* **EXERCISE DESCRIPTION**: Pictures in the data should be dropped; transcribe exactly the lines from the one that has "Creative Halloween Costume" through the one that has "KANSAI STUDENT PITCH GRAND PRIX 2023".

* **RECORDS PROVIDED**:
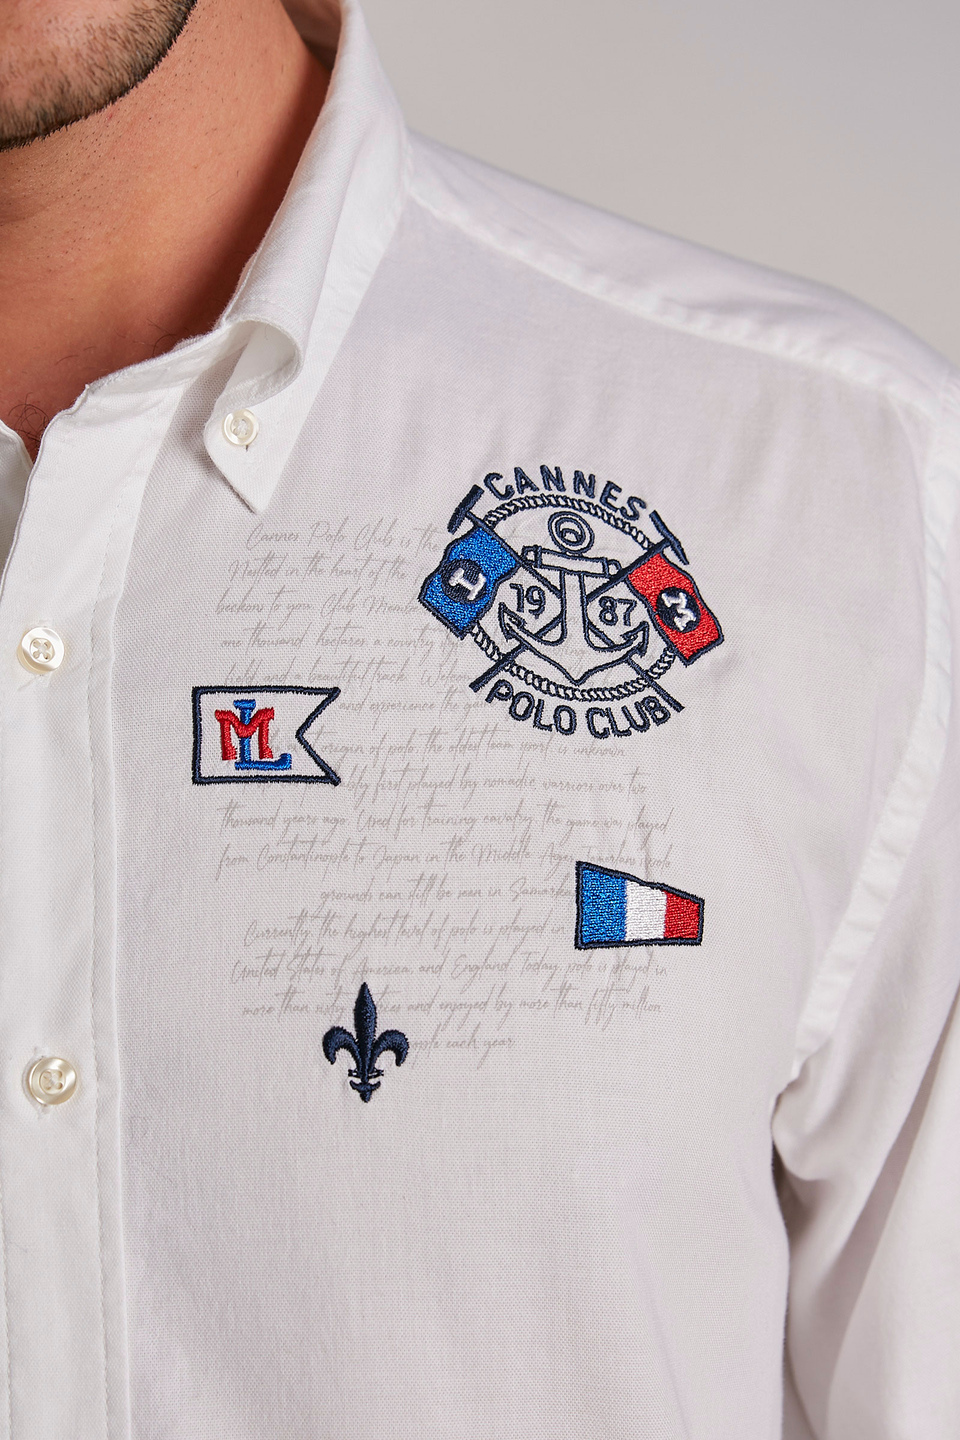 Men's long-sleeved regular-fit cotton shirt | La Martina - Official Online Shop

* * *

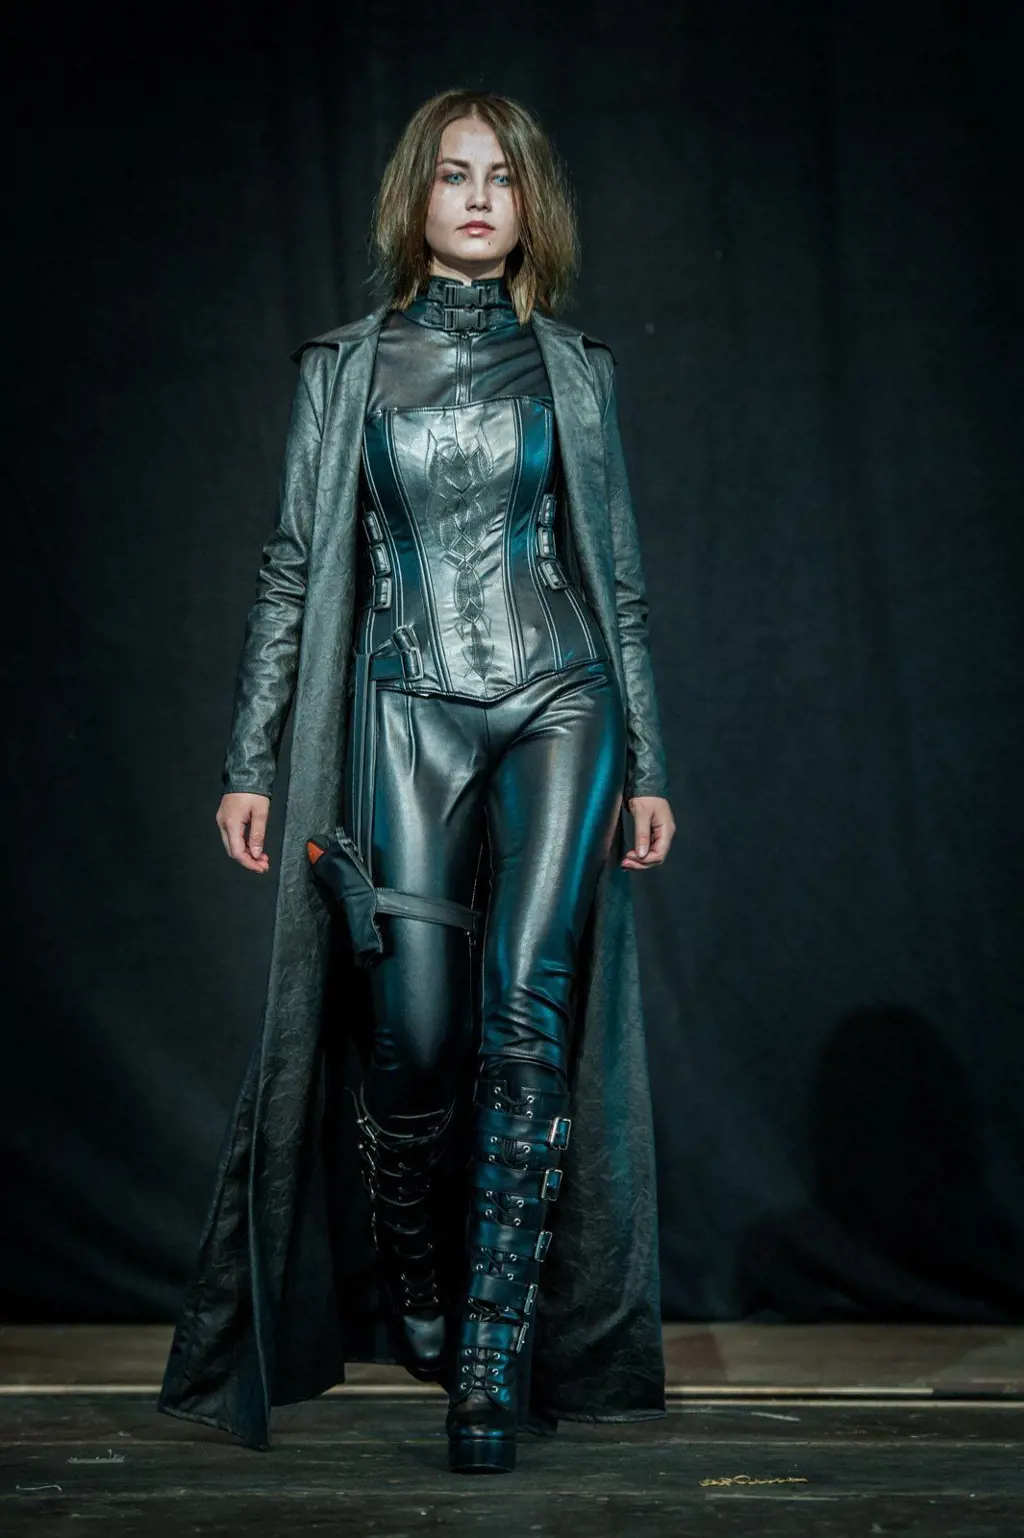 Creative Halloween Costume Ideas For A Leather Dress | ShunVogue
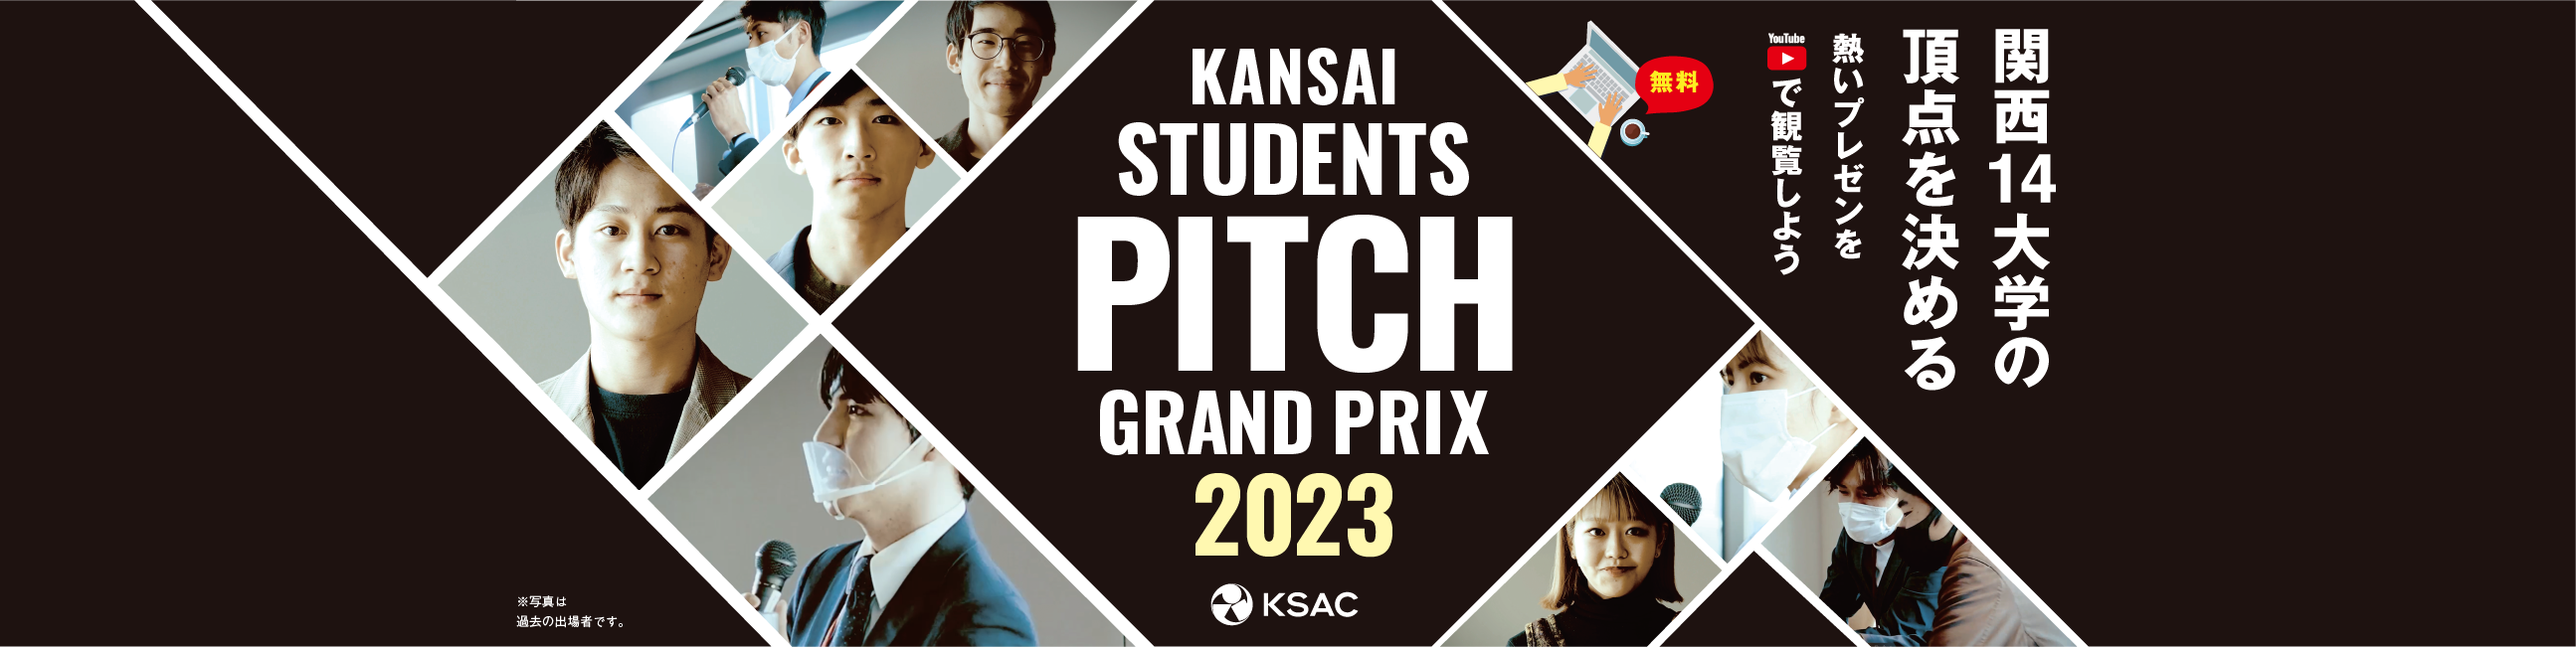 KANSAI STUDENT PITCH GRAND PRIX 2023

* **TASK OUTPUT**:
 Creative Halloween Costume Ideas For A Leather Dress | ShunVogue
 KANSAI STUDENT PITCH GRAND PRIX 2023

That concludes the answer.